As if he hadn’t heard Stalwart, Eran continued. “Under one condition…you’ll be taking me with you.”
I figured out Eran right there. His abrupt demand said it all. He had no intention of challenging Stalwart. He had one concern, only one, and it had nothing to do with his own wellbeing. His sole purpose was getting to Maggie, and he would do whatever it took.

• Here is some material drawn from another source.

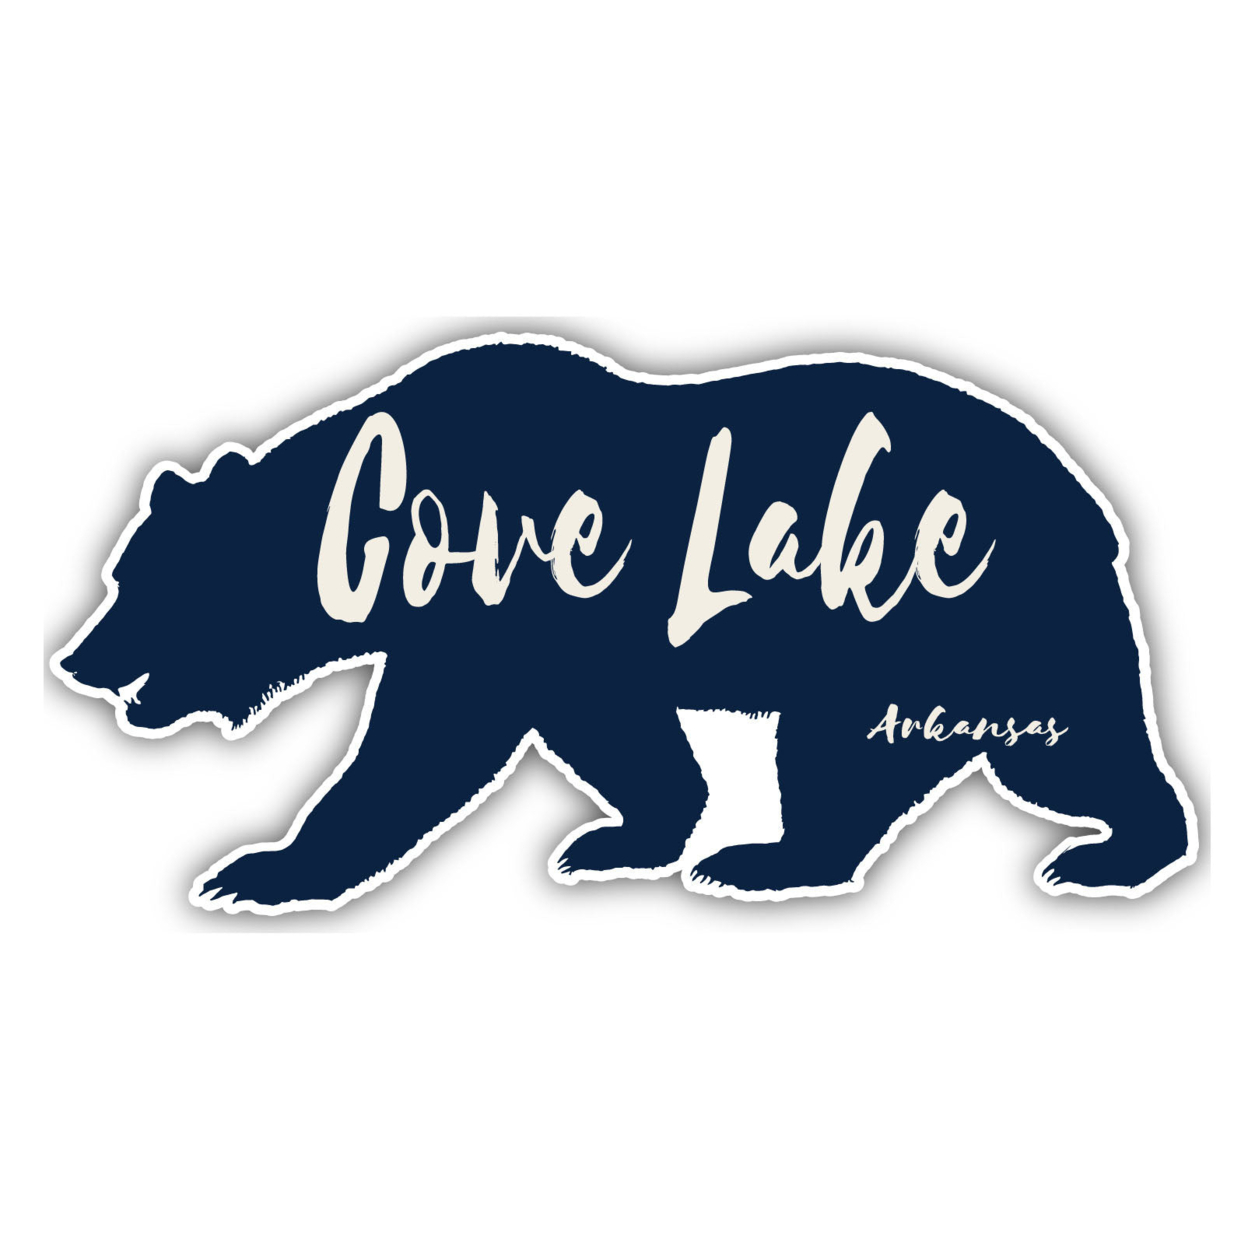 Cove Lake Arkansas Souvenir Decorative Stickers (Choose Theme And Size) - 4-Pack, 10-Inch, Bear

His resolve was impressive, but then I had the same feelings about Jocelyn.
Stalwart showed his agreement by seizing Eran’s arm and leading him through the door. I trailed his men, observing as they marched with an air of authority through the Ministry. We crossed the path of four Vire contingents, all without any opposition. Not a single curious glance was made in our direction.
Apparently, Eran noticed this too. “What do you do here Stalwart?” he asked, once we were in a vacant hallway.
“I ensure the safe transport of prisoners.”
That stunned me. “But you were sent to apprehend me?” I asked, muddling my way through understanding. “Why didn’t Sartorius send someone whose job is to arrest and detain?”
Stalwart paused, and the stiffening of his shoulders told me that he didn’t want to answer.
His gruff reply reinforced my theory. “You’ll need to ask him that.”
I didn’t speak again because, at that point, I got the distinct feeling we were being led into a trap.
4
LACINDA
WE CHASED NIGHTFALL TO THE OPPOSITE side of the world, reaching the Oregon coastline just as darkness fell. The last hint of light peering between the jagged tops of pine trees on the horizon slipped away as our feet touched down on the soggy earth, and we stared up at Lacinda Pierce’s two-story Victorian home. It was just as I remembered it, dismal, lonely, and reminding me of an animal studying us from the shadows. In the distance waves crashed against the rocks down the cliff face below us, bringing back to me the memory of Jocelyn’s damp prison walls. It got my legs moving the second I found my balance.